By now, you've certainly heard what is quite possibly the biggest news about this campaign season so far, coming from The New York Times — that according to his 1995 tax returns, it's quite possible that Donald Trump avoided paying income tax for up to 18 years. While there are still big gaps in our knowledge, given the small number of documents leaked, Mother Jones has just unearthed more proof of just exactly how hypocritical Trump is.

First, is anyone really surprised? Hillary Clinton reflected those sentiments exactly during the first presidential debate, when she questioned what her opponent could be hiding by not following the standing tradition in presidential elections and releasing his tax returns. Given what Trump has gone on the record saying in the past, as the Mother Jones article points out, not paying years of federal income tax is probably just about the number one thing that Trump didn't want us to know.

In one interview on Fox News from 2011, he bemoaned the state of the country, complaining that "50 percent of people are paying no tax" while at the same time emphasizing that "[he doesn't] mind sacrificing for the country to be honest with you." Then, in 2012, he jumped into the foray on Mitt Romney's 47 percent comment, saying that "[Romney] should never apologize ... you do have a lot of people that feel they're entitled."

MANDEL NGAN/AFP/Getty Images

What all of these comments are conveniently ignoring, of course, is that most of the people who pay no income tax do so because their incomes don't pass the threshold at which point it becomes required, not because they're using past losses of millions of dollars to make their recent gains untaxable.

There are plenty of perfectly legitimate ways that people could be working, perhaps paying state taxes and taxes for Social Security and Medicaid, but their incomes simply do not require them to pay income tax. Retirees fall into this bracket. Students who work part time almost certainly fall into this bracket. Many of the low-level workers that Trump has allegedly failed to pay over the years are most likely in that category as well.
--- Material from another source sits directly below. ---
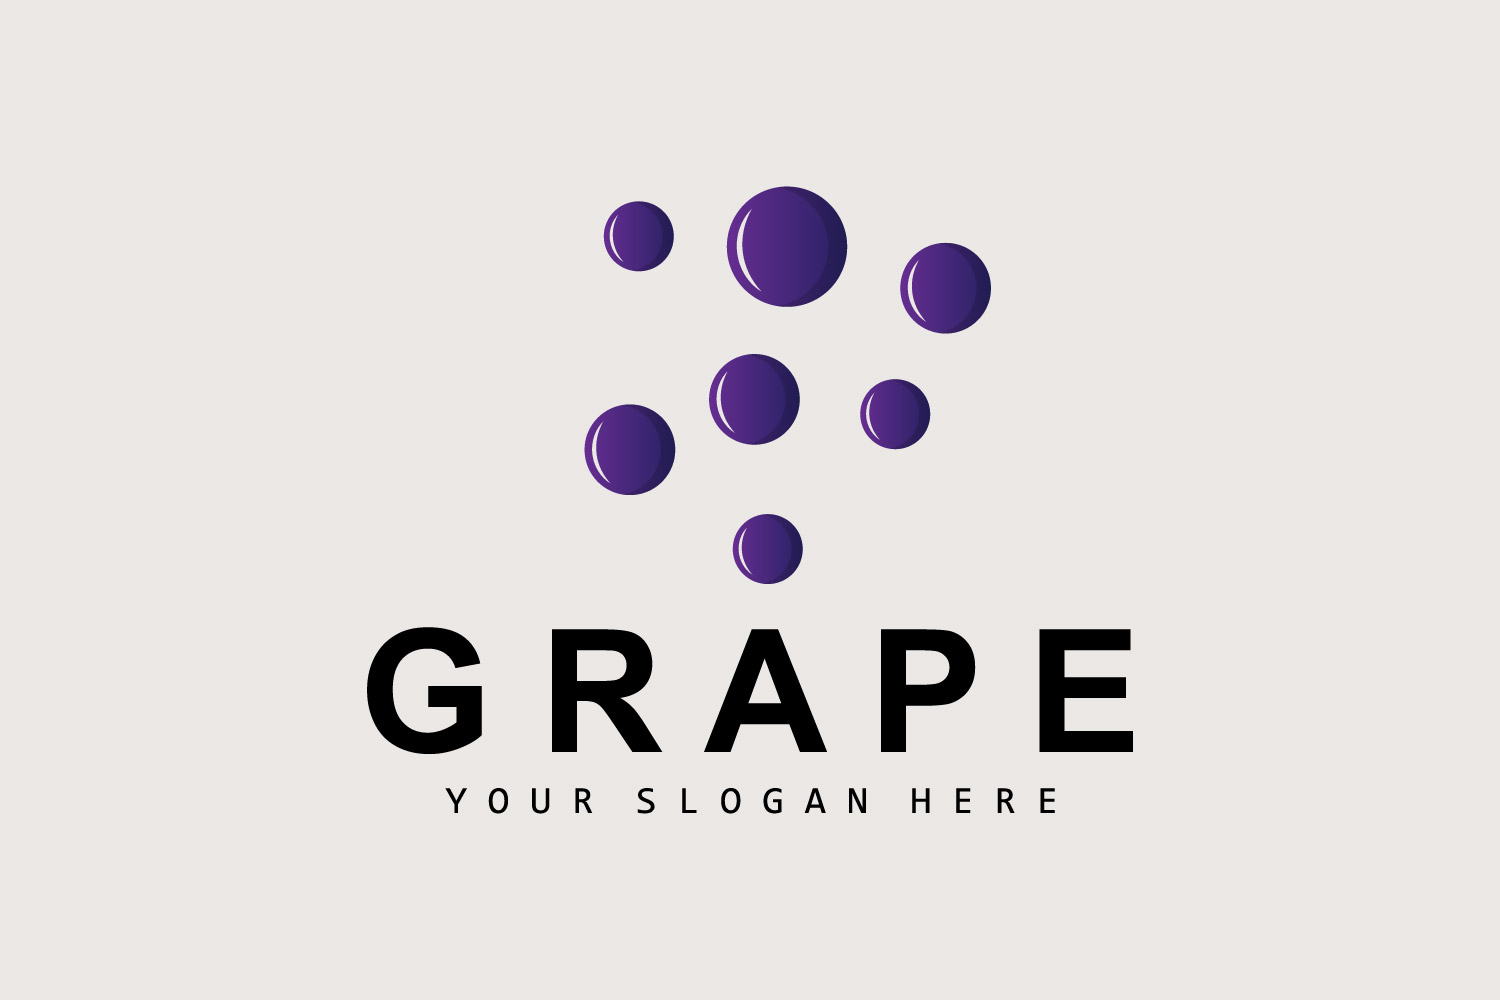 Grape Fruit Logo Style Fruit Design V11

And where does that leave Trump himself? Making millions of dollars in gains over almost two decades, yet failing to pay a dime of income tax on it – not as a prize for success, as he claims that low taxes on the rich should be, but as a result of past failure. And not just a minor mistake; his claimed losses amount to the GDP of several small countries.

If nothing else, the released tax records and his previous comments on the subject show an awfully distorted understanding of the concept of entitlement. A college student working a part time job to pay her expenses but not making enough to pay income tax is entitled. A self-proclaimed billionaire who makes millions in revenue yearly but once lost such an absurdly huge amount of money that he could avoid paying years of income tax is not entitled. Whichever version of entitlement we decide to go with, we can definitely agree that it's hypocrisy.